Thursday, October 11, 2018

Serious Medicine

I was at a marijuana dispensary earlier this week, and what I saw there amused me to no end.  I wasn't actually buying MJ myself, just accompanying someone else to get her own supply.  I was under the impression, prior to going, that dispensaries were regulated and serious, supplying medicine to people who needed it.  Also they were clearly just selling to anyone who wanted to pay.  However, I expected some sort of cursory screening process and at least a pretense of officialness.

I didn't even get a pretense.

The dispensary had a board of daily specials.  Now I may not be any kind of medical expert, but I feel like daily special such as "Hash Wednesdays!" aren't quite selling the 'serious medicine' thing.  Nor was the plate of cookies, the trance music, or the checkout clerk vaping in the corner.

I don't mind any of that of course.  MJ shouldn't be illegal and there is no compelling reason why people should have to jump through crazy hoops to get it.  It should be sold with just as much hucksterism as anything else.

But that contrast between the fact that MJ is clearly being sold as a recreational drug and the official line that it is still illegal here is staggering.  The government is maintaining the line that MJ is dangerous and that it is under control so that all the pearl clutchers can stop worrying about reefer madness while at the same time officials basically ignore MJ being sold openly.  We have this foolish, destructive, hypocritical system that can't decide if MJ should just be lightly regulated and otherwise ignored (it should be) or if it is a dangerous drug that has to be kept away from people no matter the cost.

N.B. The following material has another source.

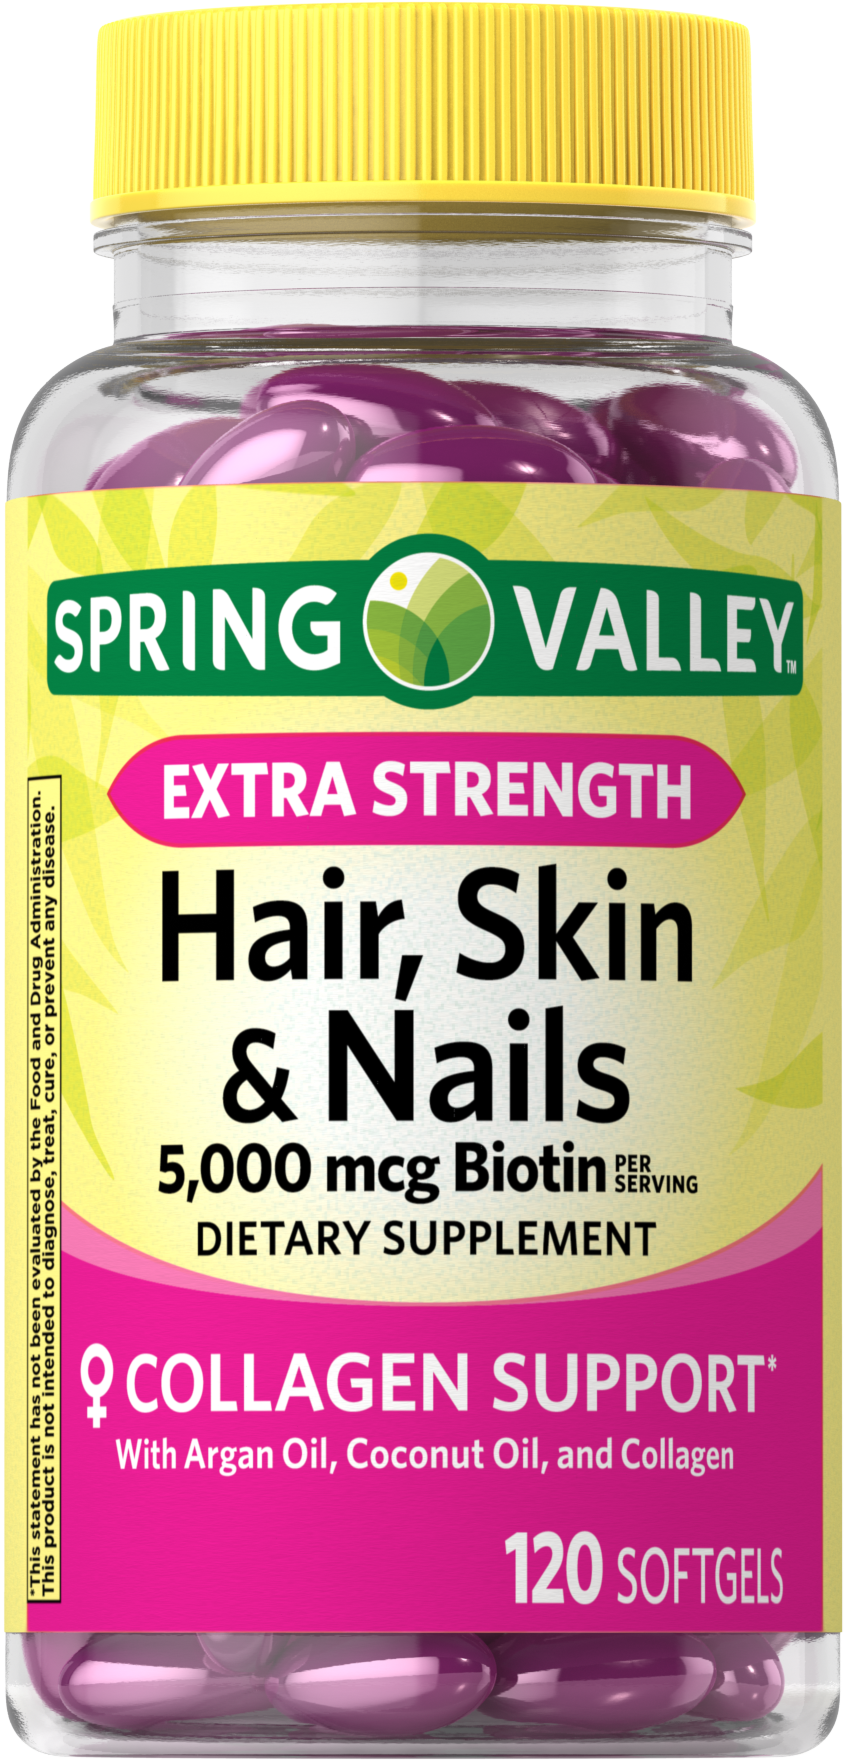 Spring Valley Hair, Skin & Nails Dietary Supplement Softgels, 5,000 Mcg Biotin, 120 Ct - image 2 of 13

A week from now MJ will become legal here.  We will finally be able to use it without worrying that we will be tossed in jail, our lives torched in order to prevent us from feeling sleepy and snacky.  Naturally the government is rolling this out in a completely idiotic way, using a single government supplier that won't even have any brick and mortar locations in the beginning.  The lack of competition in supply and the lack of freedom of purchasing means that people will continue to buy from illegal sources, funnelling money into organized crime.

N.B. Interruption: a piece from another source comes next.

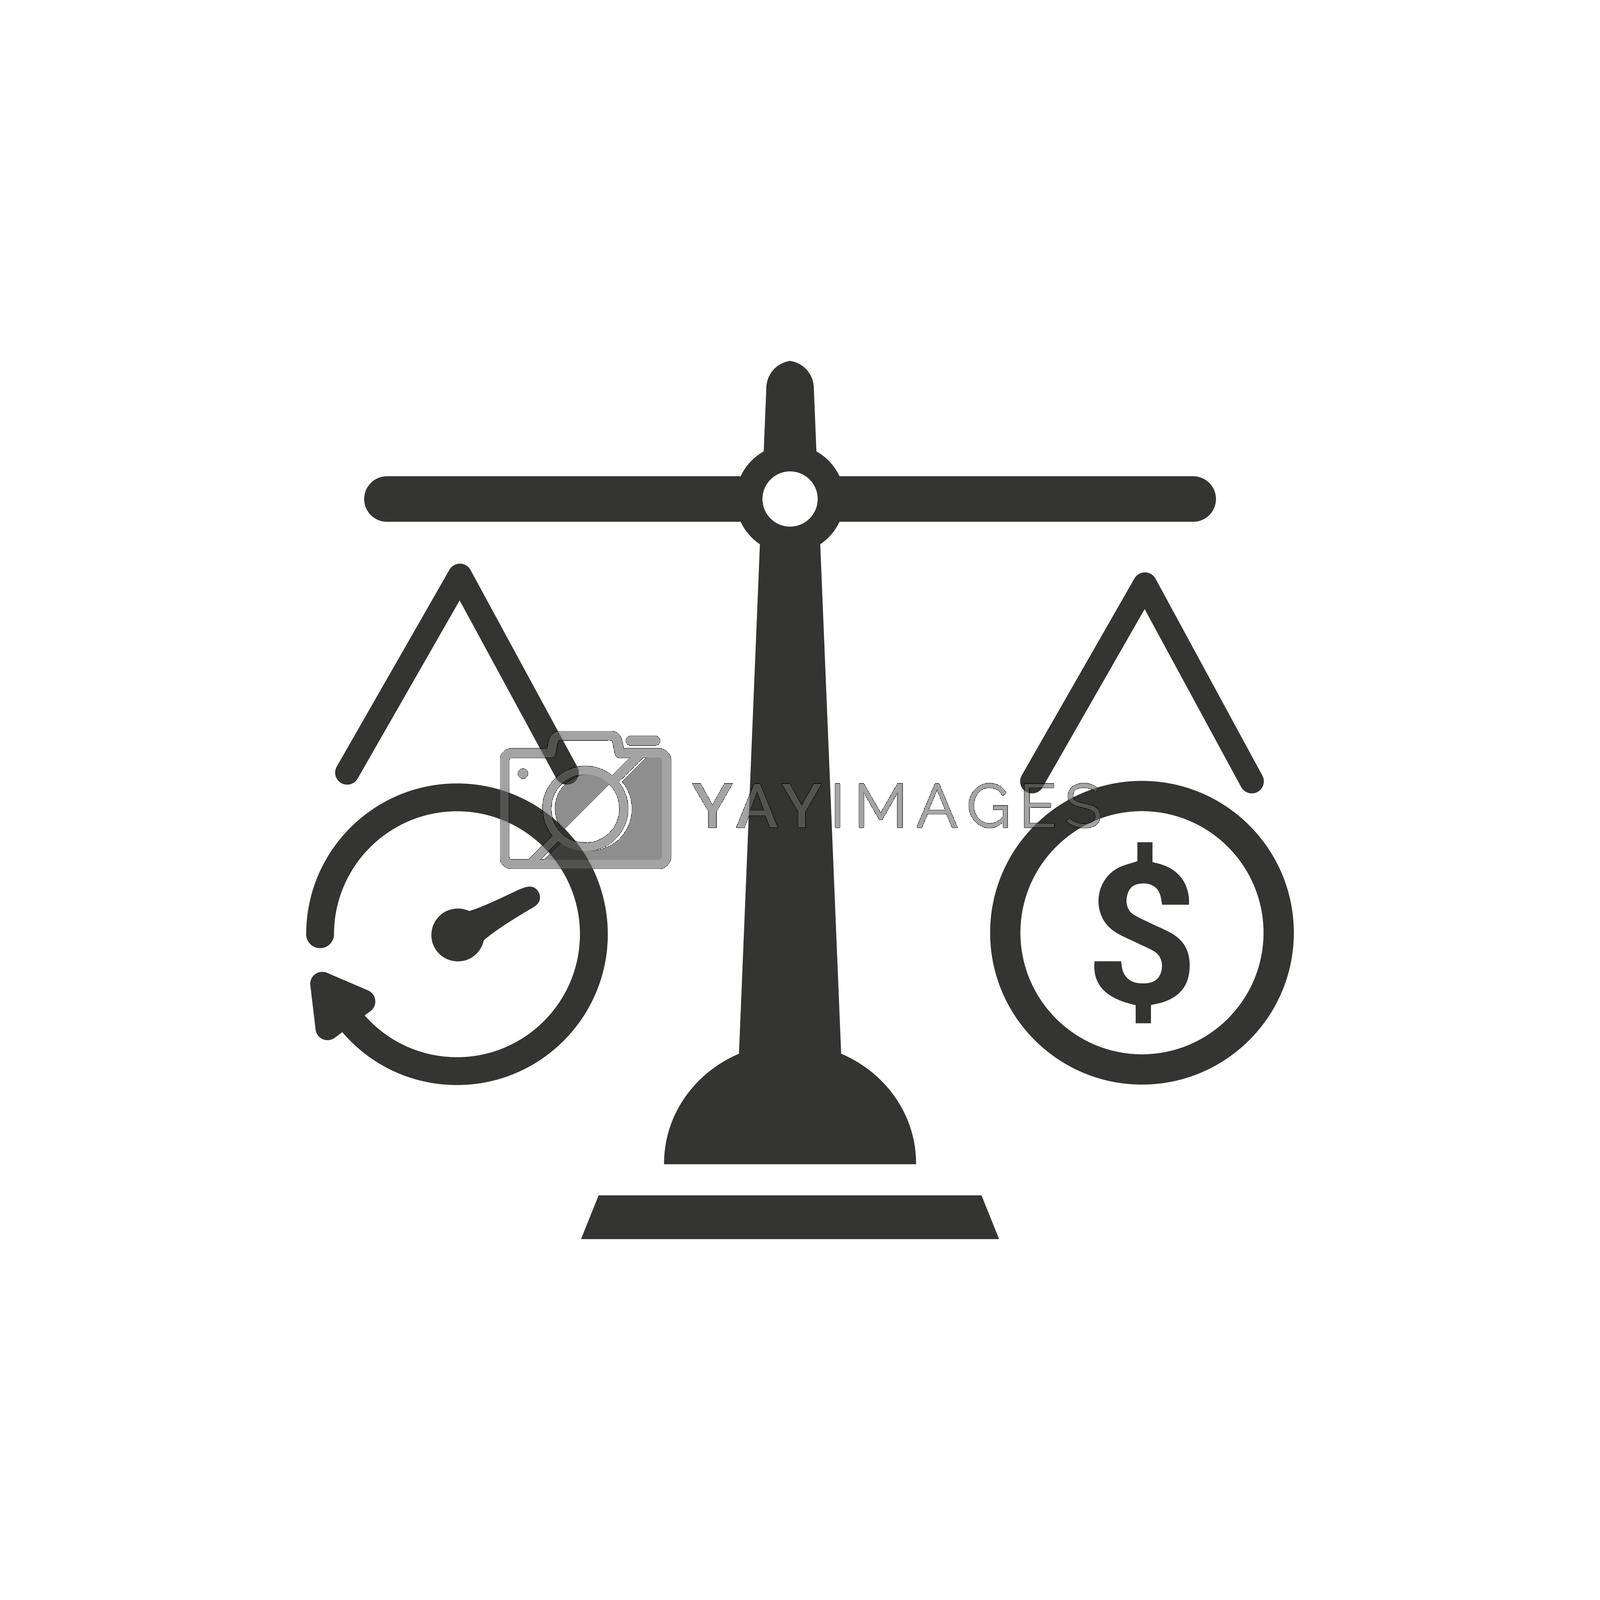 Royalty free image of Budget Estimate Icon by delwar018

Legalization is a good first step, but the Ontario government is still proceeding as if they can prevent MJ usage by simply making production by the private sector illegal.  A cursory examination of any part of human history can teach us that this is foolish in the extreme.

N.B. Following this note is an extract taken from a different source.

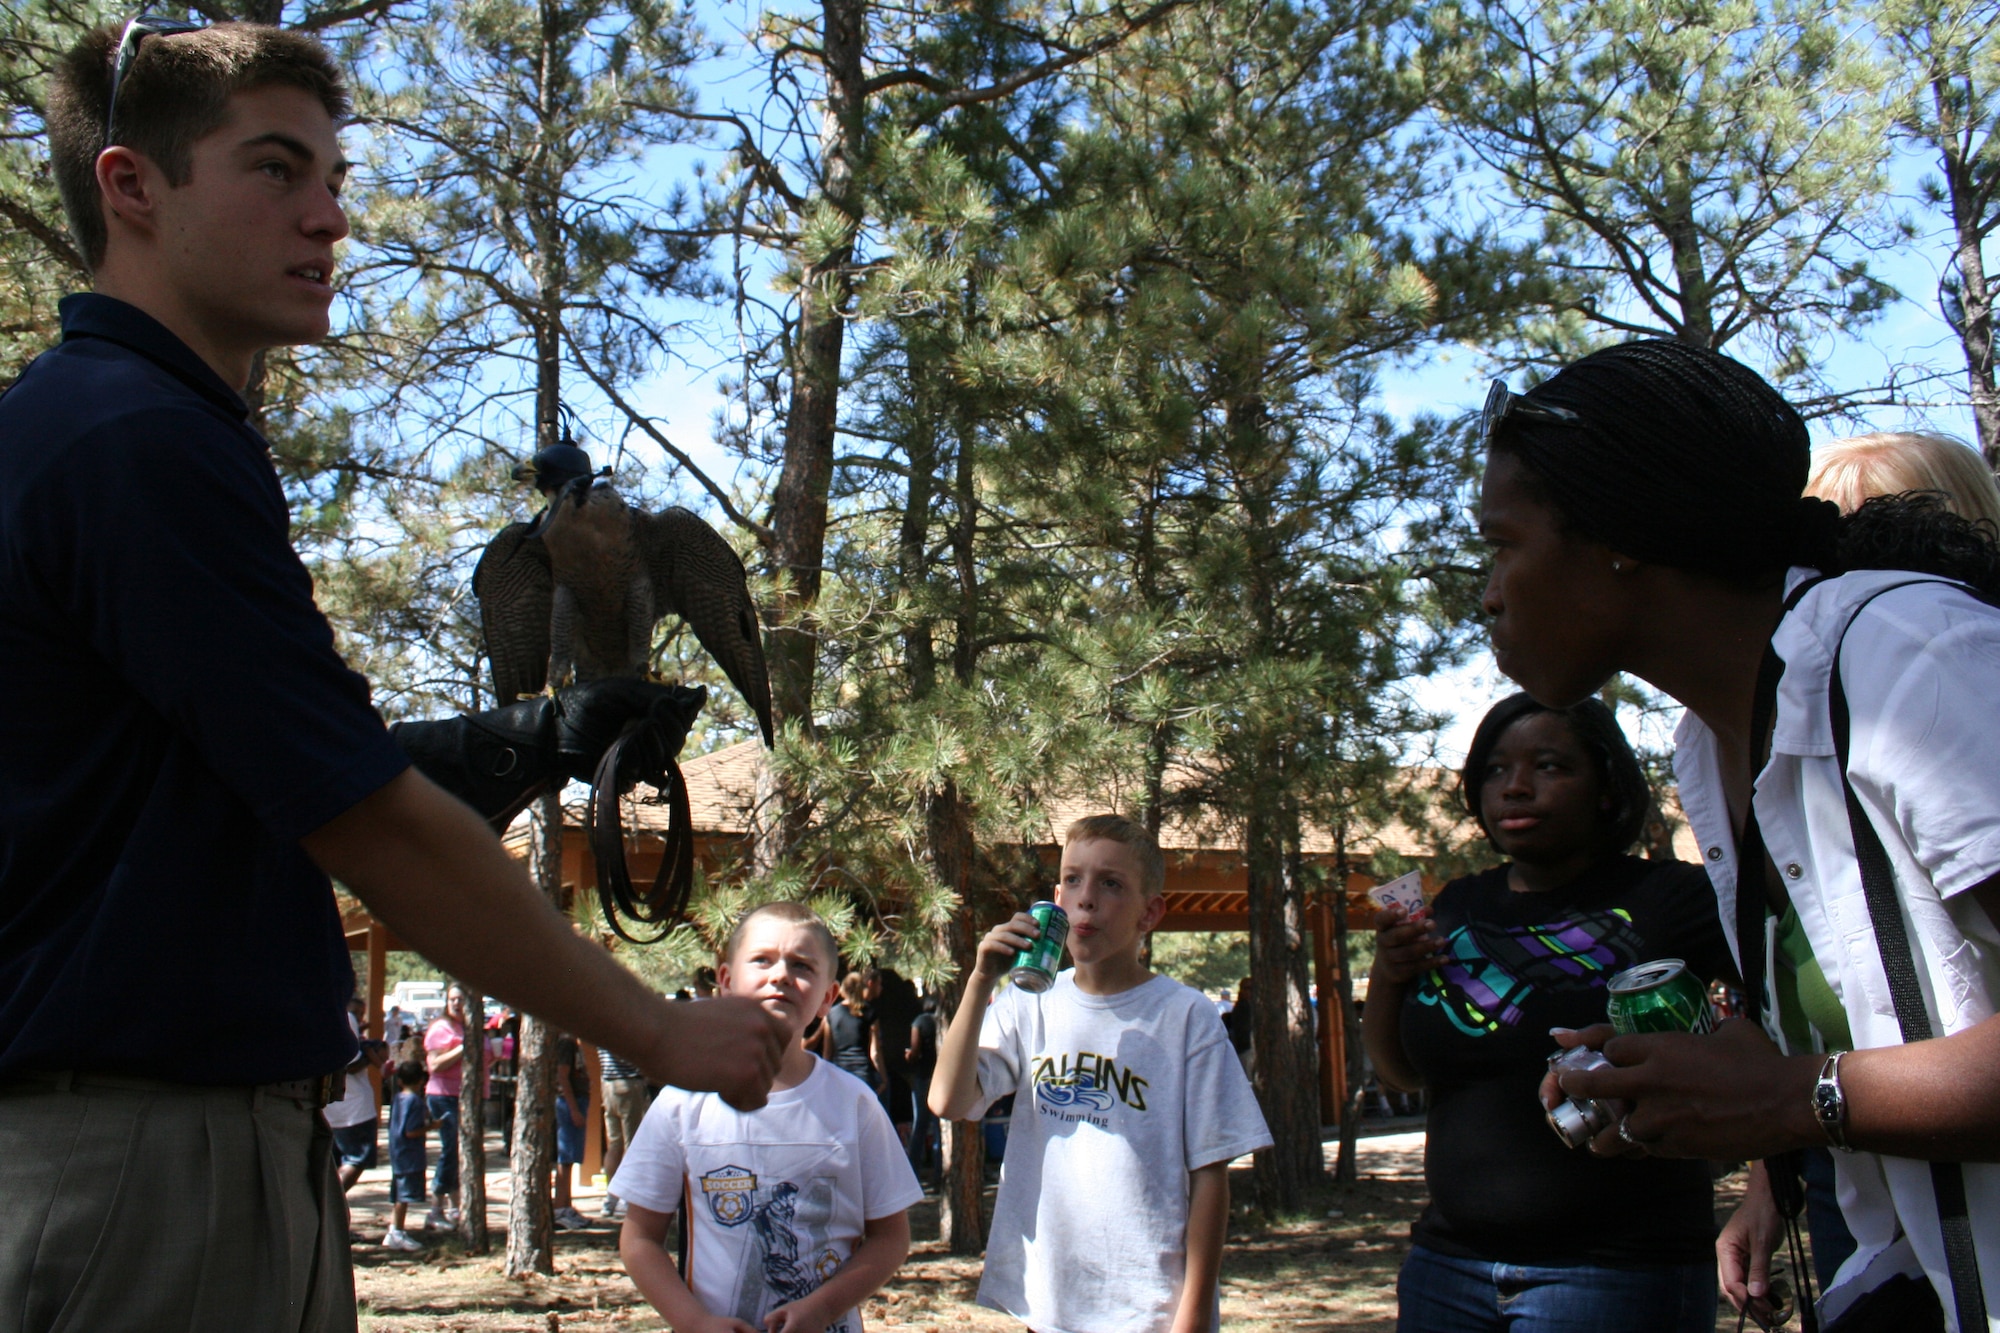 Cameron, an Air Force Academy falconer, holds one of the birds of prey and talks to 310th Space Wing family members about the falconer program, Sept. 12 at the 310SW?s southern units family day picnic. Various organizations from the U.S. Air Force Academy and the 310SW contributed to the success of this year?s picnic. (U.S. Air Force Photo/ Staff Sgt. Desiree Economides)

There are a lot of things that the free market is bad at, but providing MJ is one of the things it would actually be good at.  Tight fisted government control just makes things worse.

At least there is some measure of progress, and in a week I can wander down to my local dispensary and fill out an official looking form to buy my weed without worrying about being imprisoned for my troubles.  That much, at least, is looking up.